Dr. Zerhouni was born in Nedroma, Algeria and came to the United States at age 24, having earned his medical degree at the University of Algiers School of Medicine in 1975. After completing his residency in diagnostic radiology at Johns Hopkins in 1978 as chief resident, he served as assistant professor in 1979 and associate professor in 1985. Between 1981 and 1985 he was in the department of radiology at Eastern Virginia Medical School and its affiliated DePaul Hospital. In 1985, Dr. Zerhouni returned to Johns Hopkins where he was appointed director of the MRI division, and then was appointed full professor in 1992 becoming the chairman of the radiology department in January 1996.
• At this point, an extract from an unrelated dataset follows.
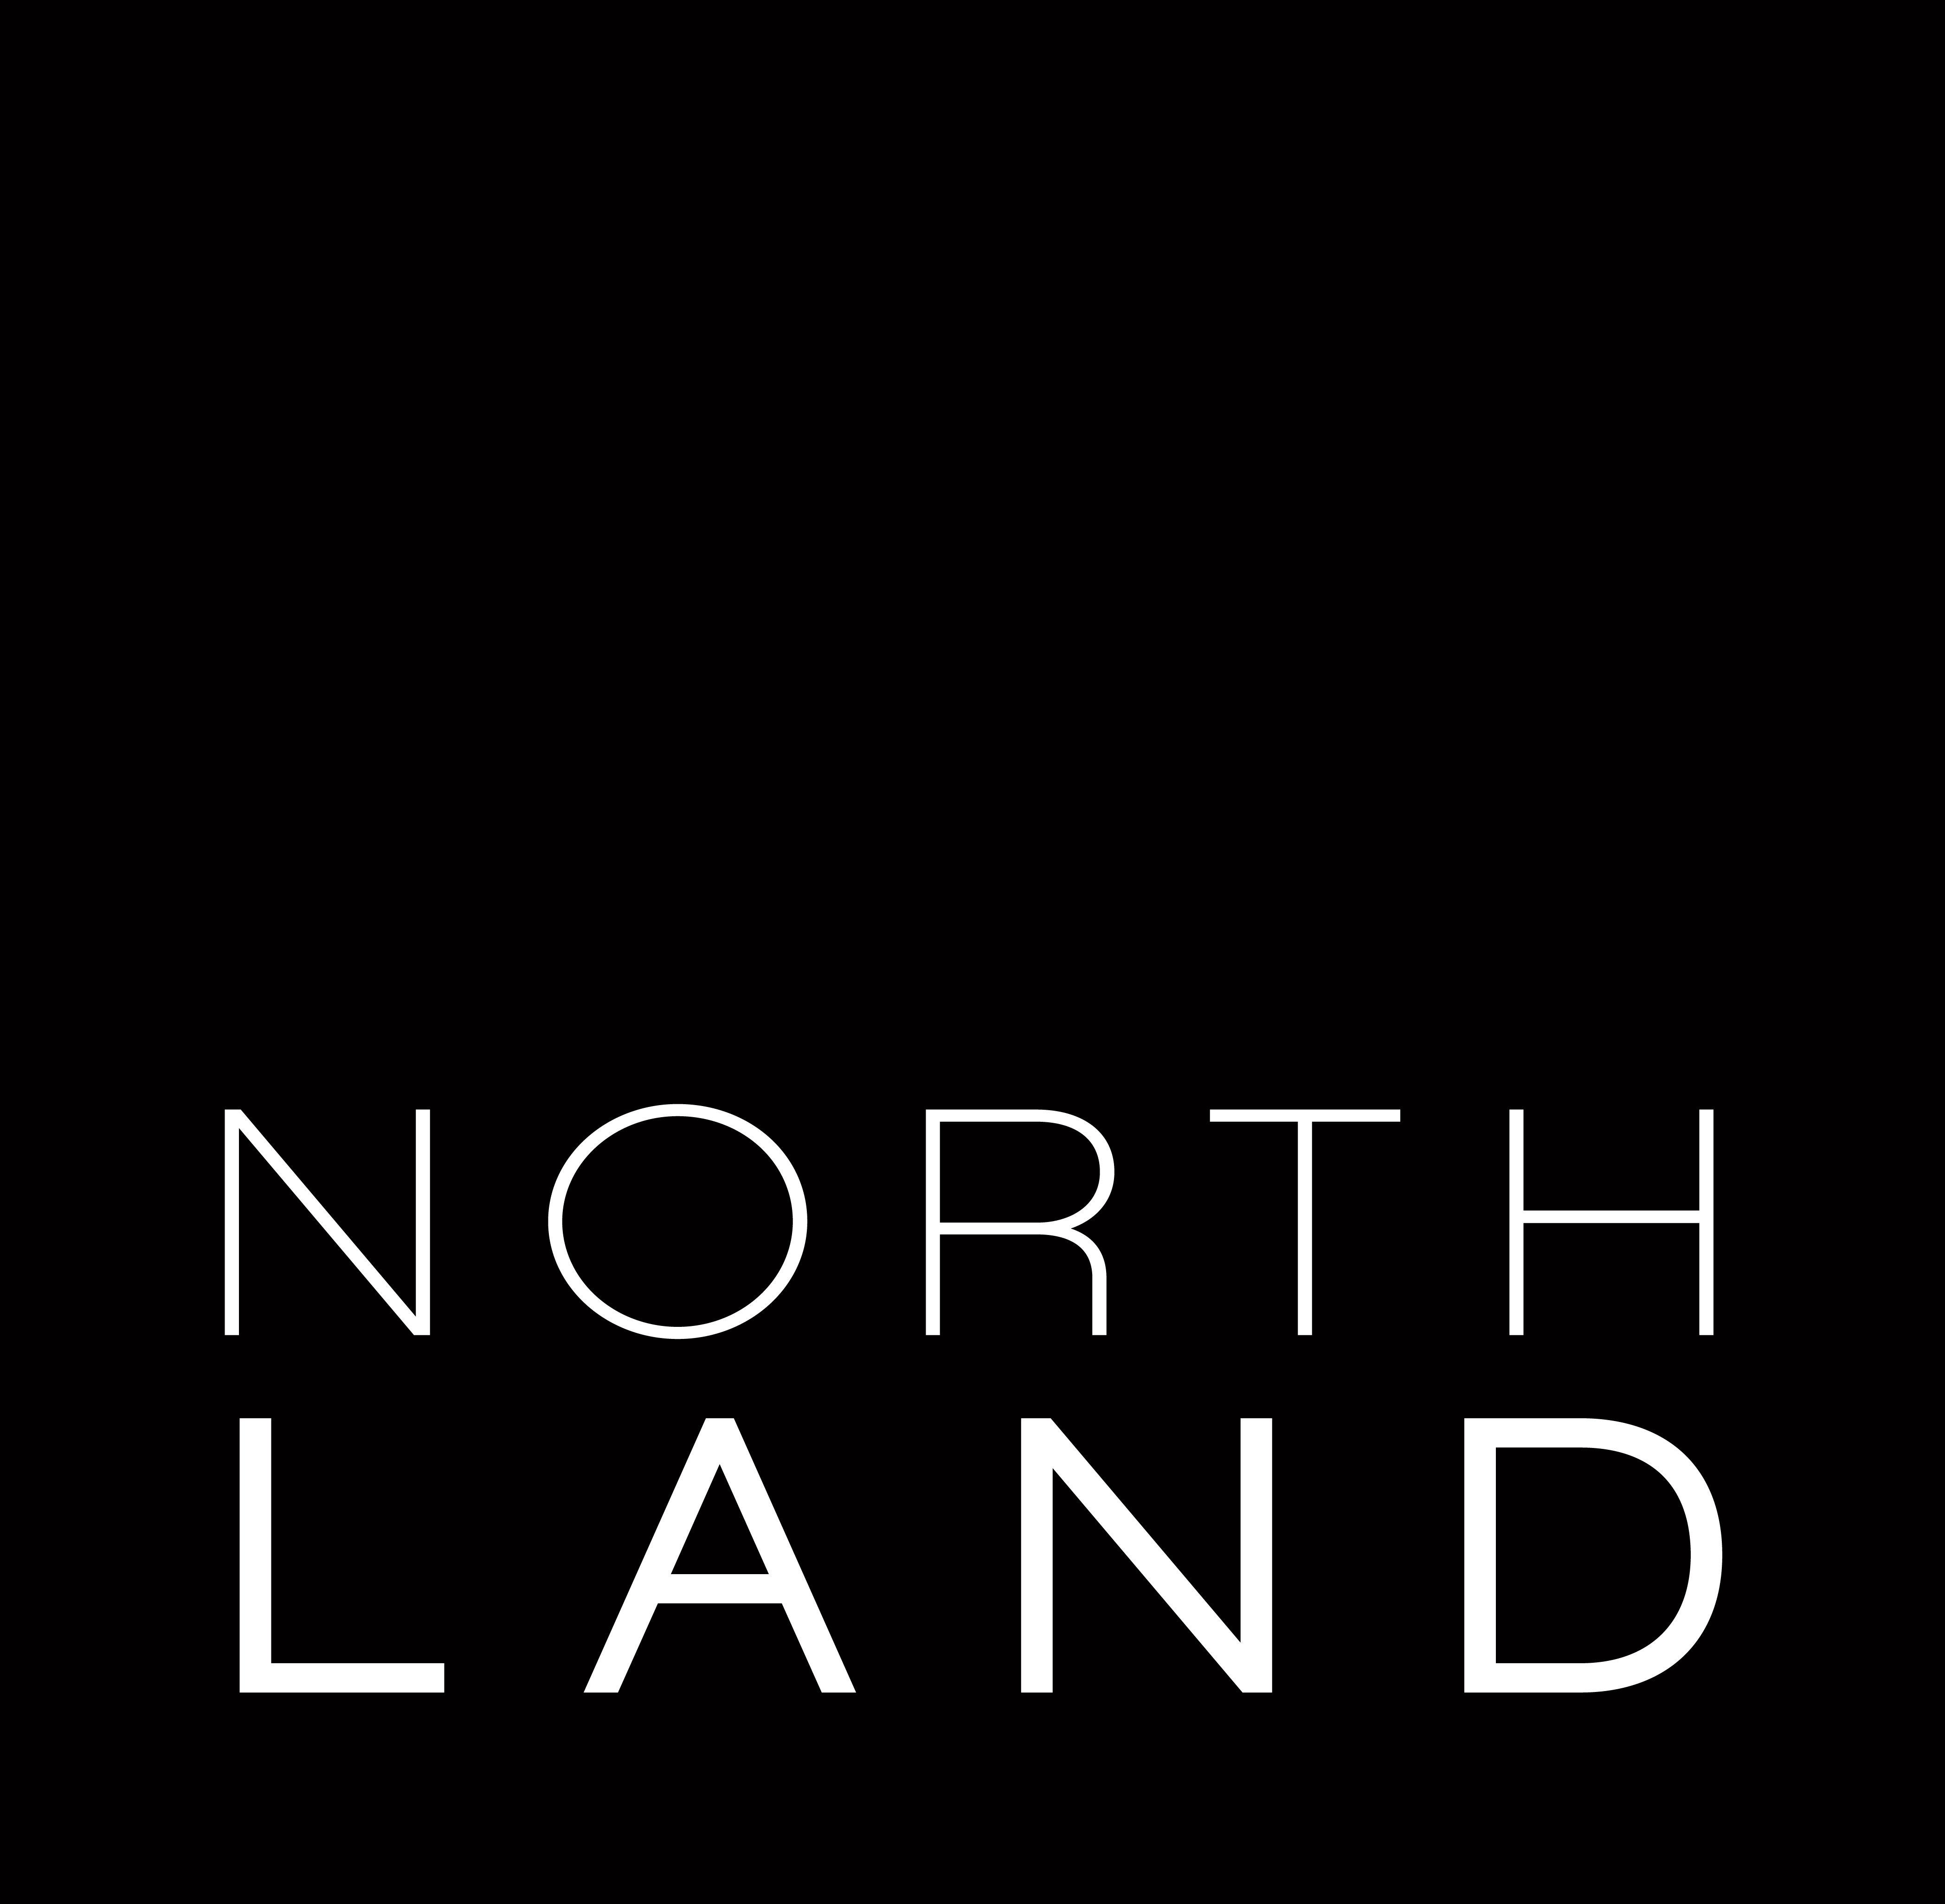 Northland Village Mall - Wikipedia

Since 2000, he has been a member of the National Academy of Sciences' Institute of Medicine. He served on the National Cancer Institute's Board of Scientific Advisors from 1998-2002. In 1988, he was a consultant to the World Health Organization, and in 1985 he was a consultant to the White House under President Ronald Reagan.
A resident of Baltimore, he has won several awards for his research including a Gold Medal from the American Roentgen Ray Society for CT research and two Paul Lauterbur Awards for MRI research. His research in imaging led to advances in Computerized Axial Tomography (CAT scanning) and Magnetic Resonance Imaging (MRI) that resulted in 157 peer reviewed publications and 8 patents.